NaplesBees Apiary and Honey…….Backyard BeeKeeping in Naples, Florida, USA
Hive Inspections and Harvests
Over the years, the NaplesBees apiary has grown. Our corresponding annual honey harvests have grown from just a few pounds to hundreds of pounds. Below are highlights of the many changes over the years.
4/14/2021 Another oil pan refresh A change of the vegetable oil in the bottom board was done on all 21 hives. Also the need for more supers on the hives were checked and a few were added. Some of the hives are getting close to the 80% build mark on the top super, but I held off adding another and will check again in a couple weeks.
2/9/2021 Another oil pan refresh Another change of the vegetable oil in the bottom board was done on all hives. The oil helps trap hive related pests, but eventually the oil is soaked up by hive debris and the pan needs cleaning and fresh oil.

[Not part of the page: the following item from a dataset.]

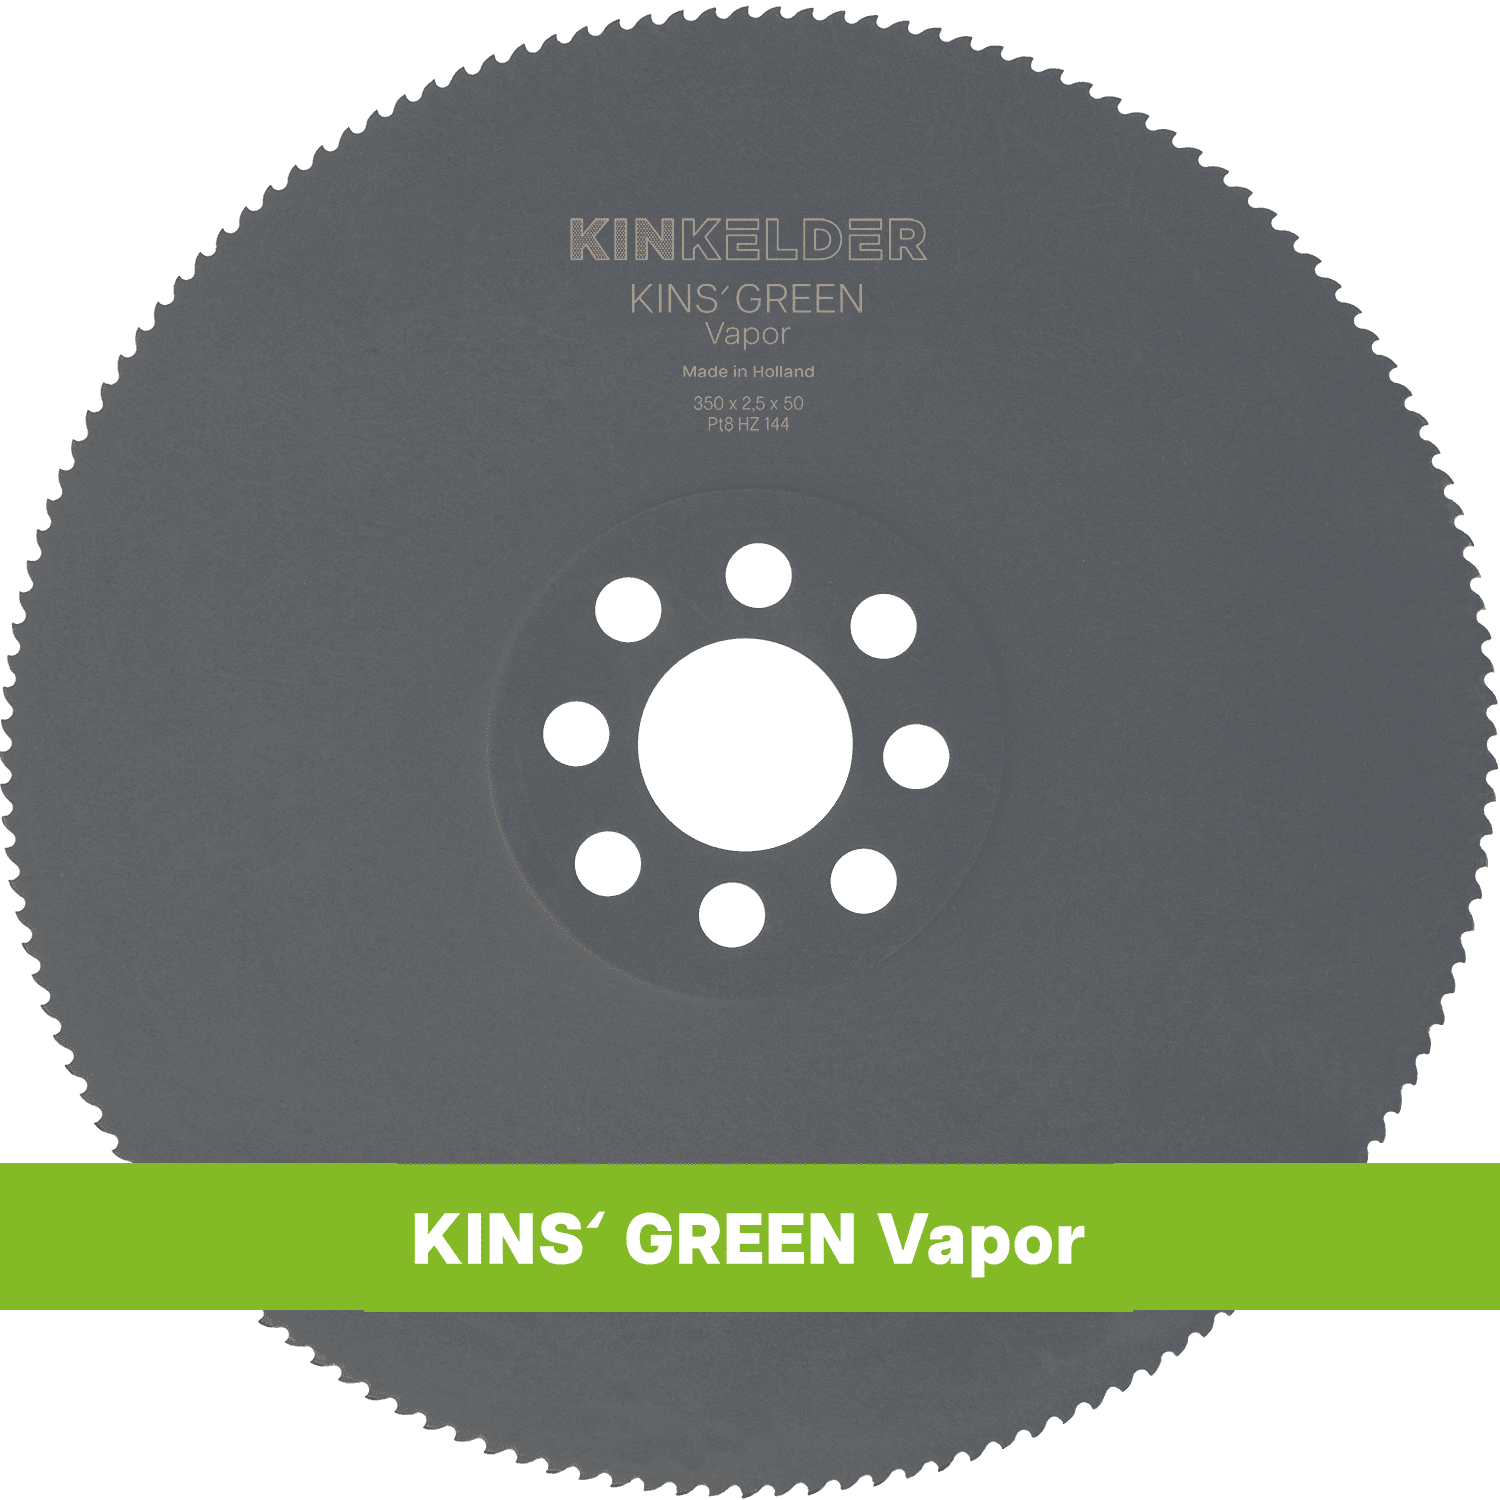 KINS‘ GREEN Vapor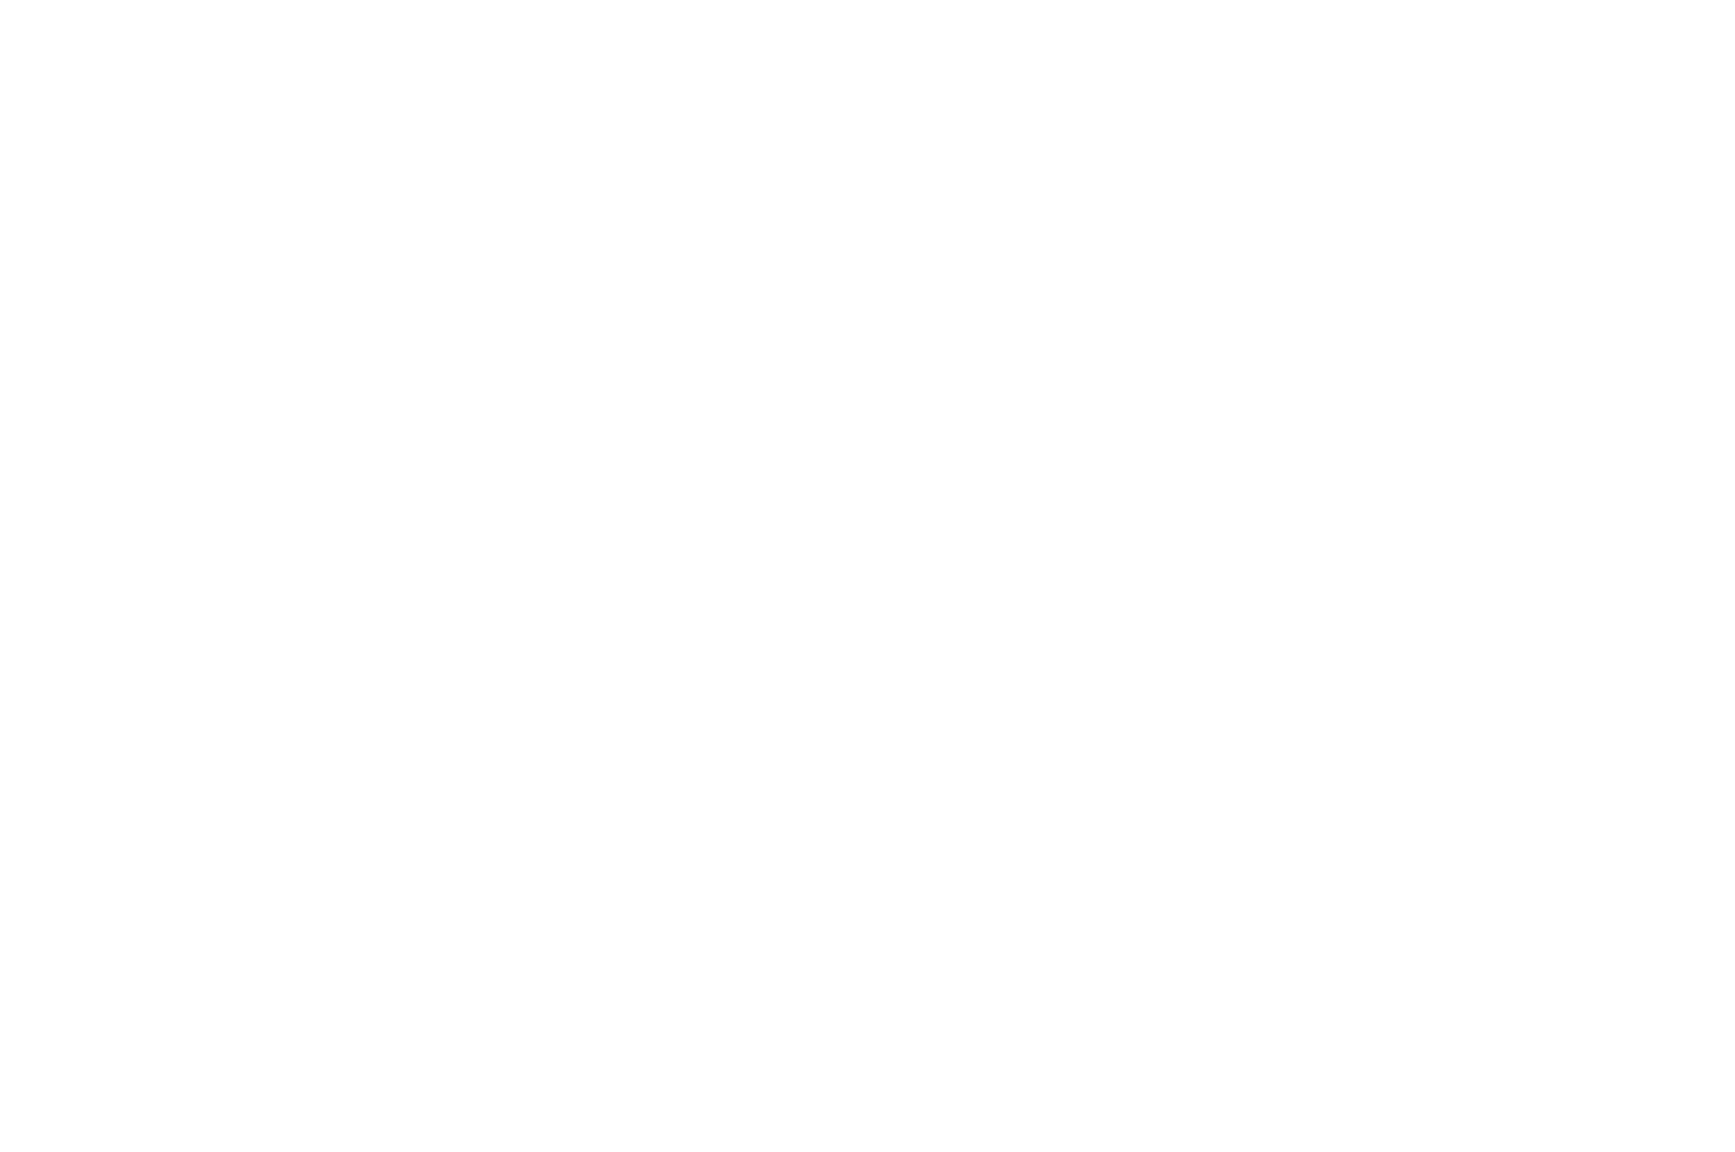 WINNER - Audience Choice Award - GI Film Festival San Diego - 2017_white.png

1/16, 1/22. 1/29/2021 Varroa mite treatments A 3 week oxalic acid vaporization varroa mite treatment of the brood boxes on all hives was started and continued weekly for 3 weeks. All supers were removed during the treatments.
11/22/2020 Another oil pan refresh Another change of the vegetable oil in the bottom board was done on all hives. The oil helps trap hive related pests, but eventually the oil is soaked up by hive debris and the pan needs cleaning and fresh oil.
11/13/2020 Honey Harvest A harvest resulting in about 178 pounds of sweet medium amber color honey was bottled in to our special order one pound bottles. The hexagon pattern on the sides and bottom of the bottle gives it texture and character, and the valve type top allows drip free honey dispensing while always maintaining an air tight seal.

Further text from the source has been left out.